Legal Ethics and the Separation of Law and Morals
82 Pages Posted: 16 Mar 2005
Date Written: March 16, 2005
This paper explores the jurisprudential question of the relationship between moral values and legal norms in legal advising and counseling in the context of an analysis of the so-called torture memos prepared by lawyers in the Office of Legal Counsel in 2002. The principal claim of the paper is that the torture memos are morally bankrupt because they are legally bankrupt. The lawyers' actions were wrong from a moral point of view because the lawyers failed with respect to their obligation to treat the law with respect, not simply as an inconvenient obstacle to be planned around. The morality of torture plays no direct role in this analysis. Although it is easy to say at a high level of generality that torture is immoral, it is possible for reasonable people to disagree in good faith over application questions, such as whether a particular interrogation technique should be deemed torture, or whether there may be some moral justification for torture in a particular case. In order for citizens and law enforcement officials to cooperate in the project of defending national security while also respecting human rights, it is necessary to reach some provisional settlement of these normative debates. Because the law enables social action in the face of disagreement, it is entitled to respect by affected individuals and also lawyers acting in a representative capacity.

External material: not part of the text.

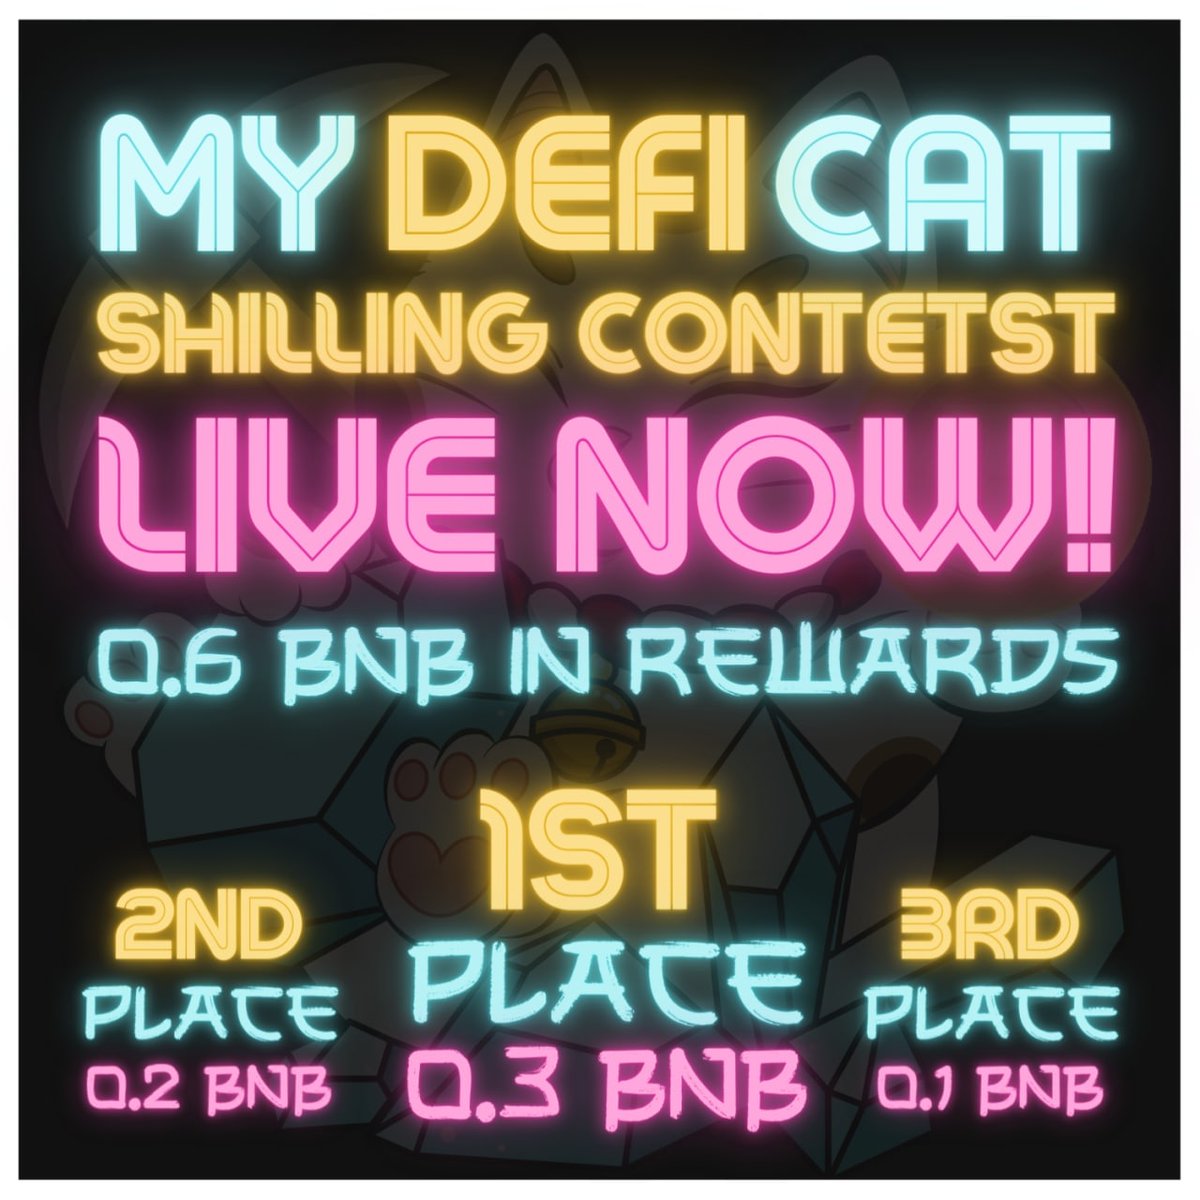 @MyDeFiCat Shilling Contest is LIVE! 0.6 BNB in rewards for the three best shillers! 🥇- 0.3 BNB 🥈- 0.2 BNB 🥉- 0.1 BNB ⚠️ Join this group to find shilling post templates: t.me/MDCShillingCon… More info can be found in our TG group: t.me/MyDefiCat #Giveaway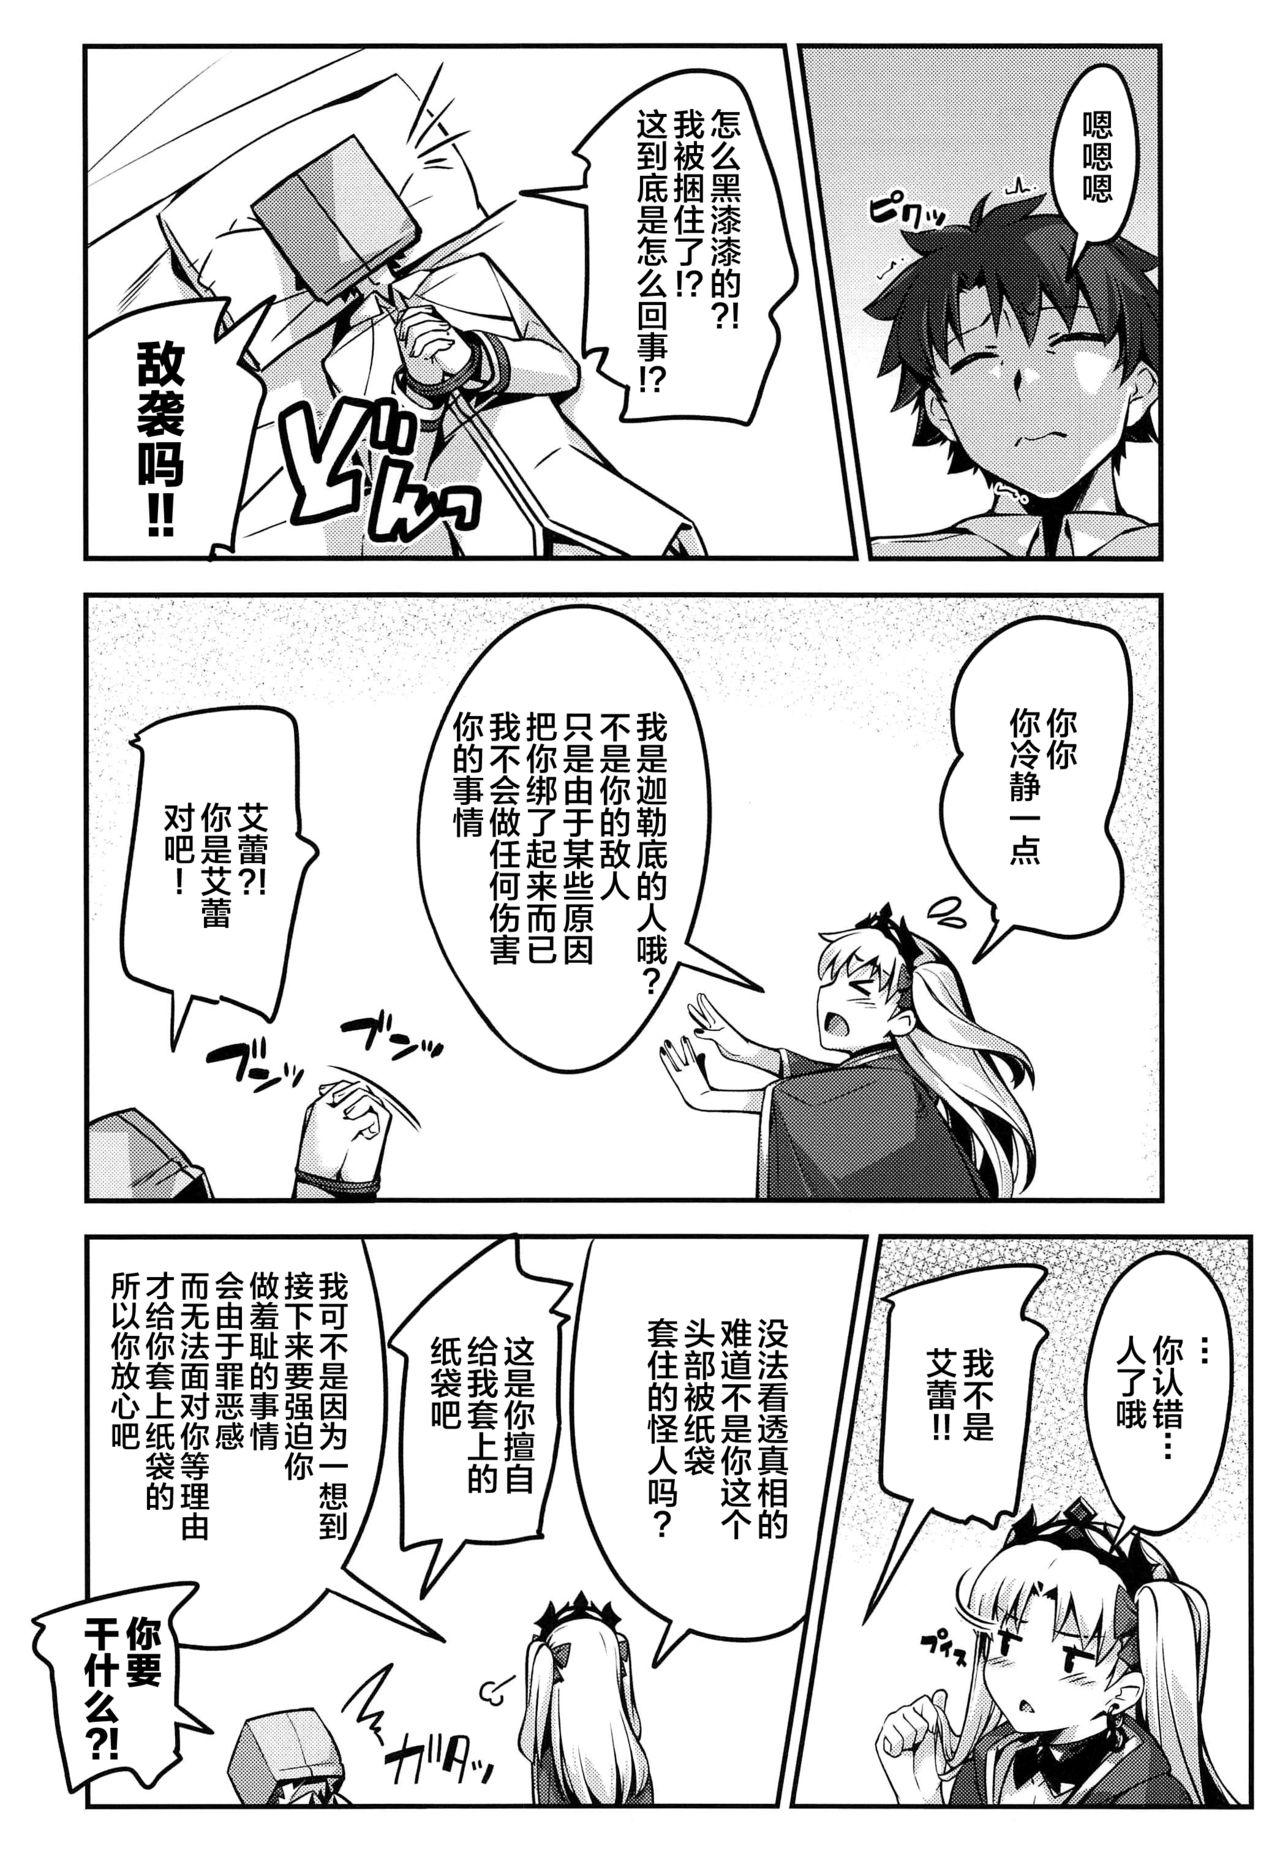 Topless Hiroigui. - Fate grand order Stepbrother - Page 7

The position defended in this paper contrasts with two widely accepted views. The first, which I call the standard lawyers' defense of the torture memos, maintains that moral values are excluded from legal reasoning. This position rests on a misunderstanding of legal positivism or, in its more sophisticated versions, on an argument for the exclusive or hard strand of positivism. The more plausible version of inclusive positivism permits moral values to become incorporated into conventional practices of legal reasoning. The second view, which is more common within the academic legal ethics literature than among practicing lawyers, holds that the role of lawyer is directly moralized, in the sense that a lawyer acting in a professional capacity is bound by the same moral principles as an ordinary moral agent would be in the same situation. In order to defend this position, it is necessary to briefly set out the argument for the authority of law that I have defended at length elsewhere. This paper further fleshes out that argument by providing a hypothetical narrative suggesting how law derives its authority from its capacity to enable coordinated social activity in the face of persistent moral disagreement, specifically regarding the morality of torture.